Kupang (ANTARA) - Akademisi dari Universitas Katolik Widya Mandira (Unwira) Kupang, Mikhael Bataona mengatakan, tuntutan agar Presiden Jokowi menerbitkan Perppu hasil revisi UU Komisi Pemberantasan Korupsi tidak boleh mengabaikan prosedur dalam negara hukum.

"Soal protes mahasiswa terkait revisi UU KPK, saya kira hal paling penting adalah mematuhi prosedur-prosedur dalam negara hukum," kata Mikhael Bataona di Kupang, Nusa Tenggara Timur (NTT), Senin.

Dia mengemukakan pandangan itu terkait tuntutan kepada Presiden Joko Widodo agar menerbitkan Peraturan Pemerintah Pengganti Undang-Undang (Perppu) untuk membatalkan Undang-Undang Komisi Pemberantasan Korupsi (KPK) hasil revisi.

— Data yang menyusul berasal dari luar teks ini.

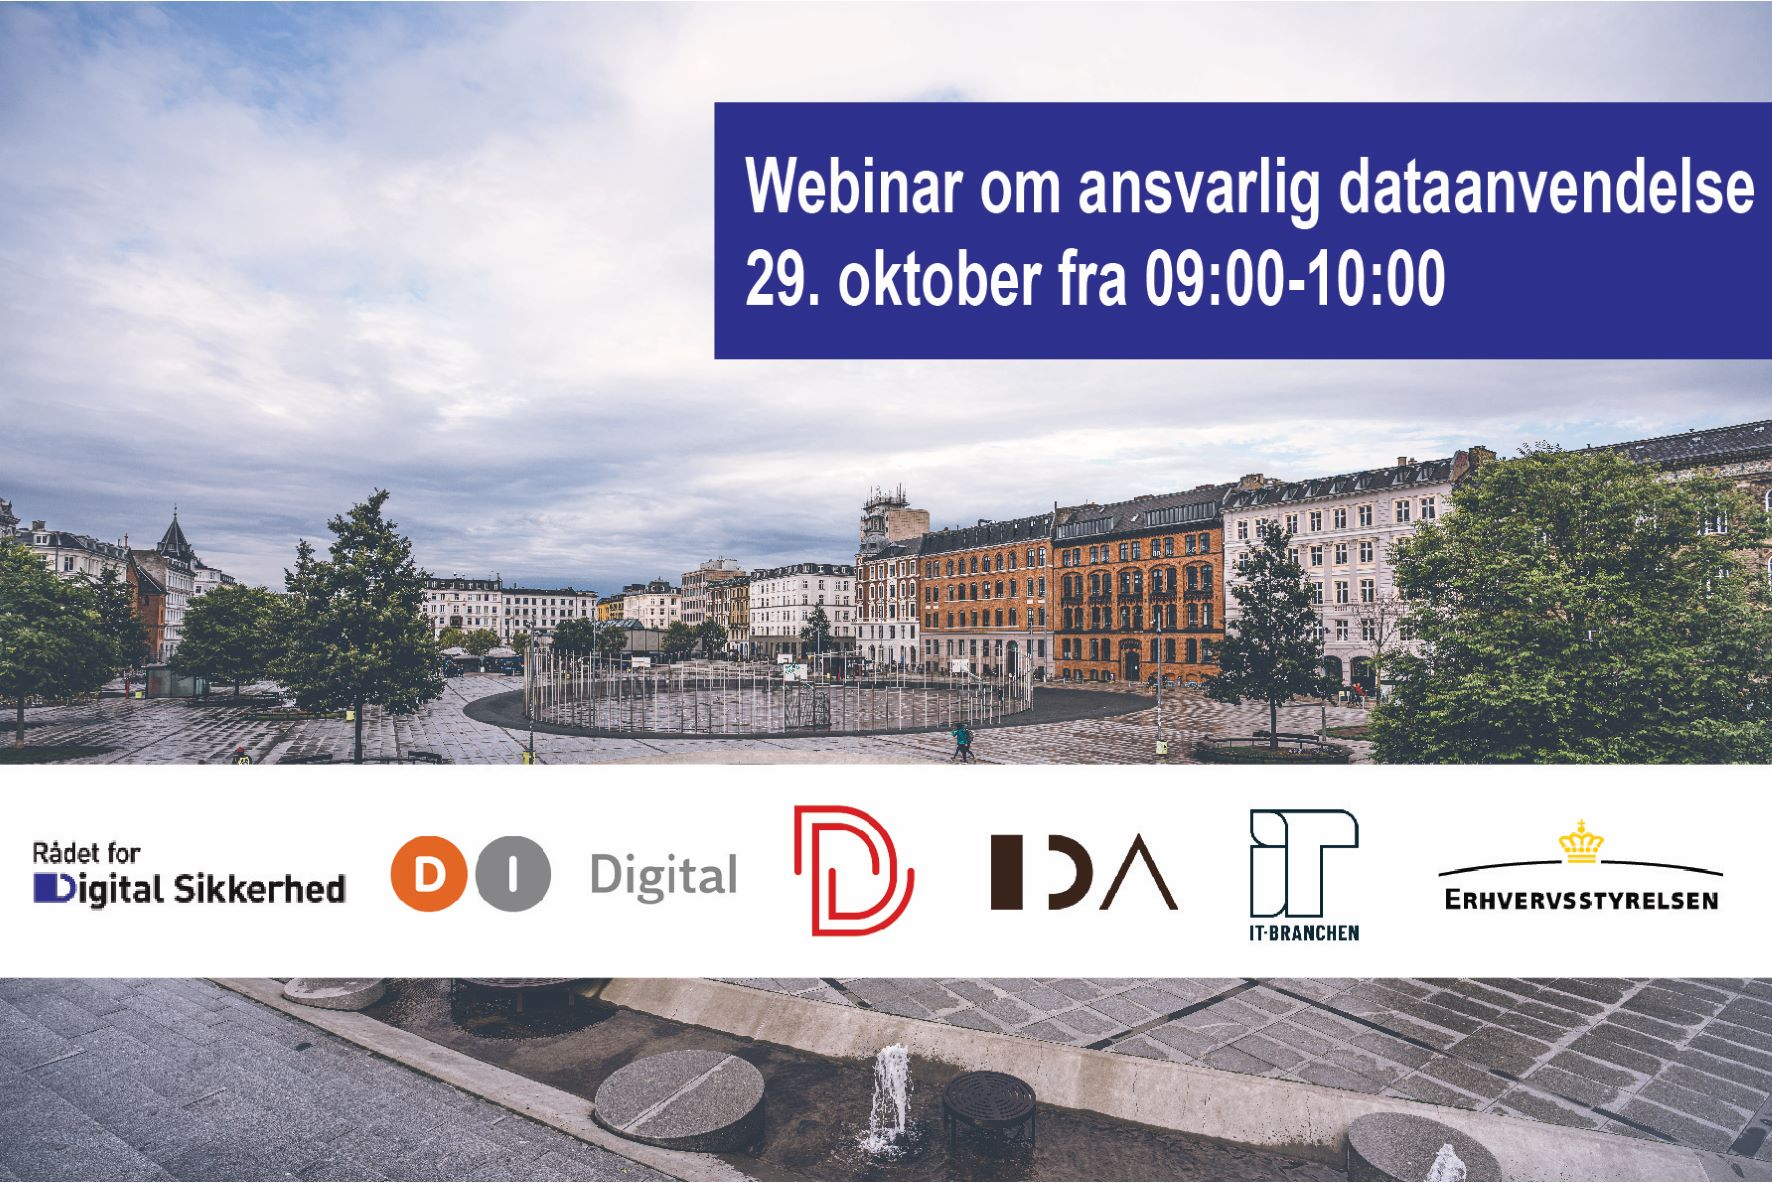 Webinar om ansvarlig dataanvendelse 29 oktober 2021

Menurut dia, hal paling penting adalah mematuhi prosedur-prosedur dalam negara hukum yang demokratis bahwa jalur hukum melalui judicial review ke MK adalah jalur konstitusional.

"Ketika jalur konstitusional ini diabaikan, maka kita sedang mempertontonkan cara-cara yang katanya demokratis padahal anti demokrasi," katanya.

Baca juga: Menristekdikti katakan tak bisa lindungi mahasiswa di luar kampus
Baca juga: Demo mahasiwa, 20.500 personel keamanan gabungan dikerahkan


Dengan kata lain, menggunakan demokrasi untuk mengkhianati demokrasi itu sendiri, kata Pengajar Ilmu Komunikasi Politik dan Teori Kritis pada Fakultas Ilmu Sosial Politik Unwira itu.

Dia menambahkan, publik bisa melihat bahwa tren menggunakan gerakan massa untuk menekan pemerintah adalah sebuah model sabotase bergaya hukum rimba terhadap prosedur-prosedur dalam negara hukum yang demokratis.

"Artinya, jika semua hal harus diselesaikan dengan cara-cara gerakan massa seperti itu, lalu apa gunanya ada kanal-kanal komunikasi politik dan untuk apa ada lembaga-lembaga dalam negara?," katanya.

"Jadi ketika semua hal harus ditempuh dengan demonstrasi, maka pesan yang muncul di sana adalah negara ini sedang diarahkan untuk mempraktikkan saja hukum rimba," katanya.

Dalam hukum rimba, siapa kuat dan siapa yang jumlahnya banyak mereka yang akan menang. "Jumlah kepala menjadi ukuran. Bukan isi kepala," katanya.

"Bukankah ini sebuah bentuk tirani mayoritas? Mahasiswa harus dididik untuk membiasakan diri berdebat dan berdiskusi baru menyuarakan apa yang mereka pandang salah," katanya.

Baca juga: Antisipasi demo ricuh, SMAN 24 Jakarta pulangkan siswa lebih awal
Baca juga: Persiapan demo, pedagang kaki lima sudah menunggu di depan DPR


Selain itu mahasiswa juga harus paham akan pelaksanaan prosedur-prosedur demokrasi dalam sebuah negara hukum.

"Mahasiswa, kata dia, pasti sudah membaca teori kontrak sosial yang sudah dipakai sebagai dasar bagi semua teori negara moderen, bahwa sejak kita menjadi warga negara, sebagian kebebasan kita sudah kita ikhlaskan atau serahkan kepada negara," katanya.

Sebagian kebebasan diatur dan dikendalikan oleh hukum dalam negara, termasuk di dalamnya adalah negara punya hak monopoli atas kekerasan, karena setiap warga negara ingin hidup damai sebagai warga negara karena semua tindakan mereka diatur oleh hukum.

"Jadi protes dengan lebih dahulu mendiskusikan secara ketat apa yang mau kita perjuangkan akan membuat pemahaman kita lebih benar saat berjuang di jalanan," katanya.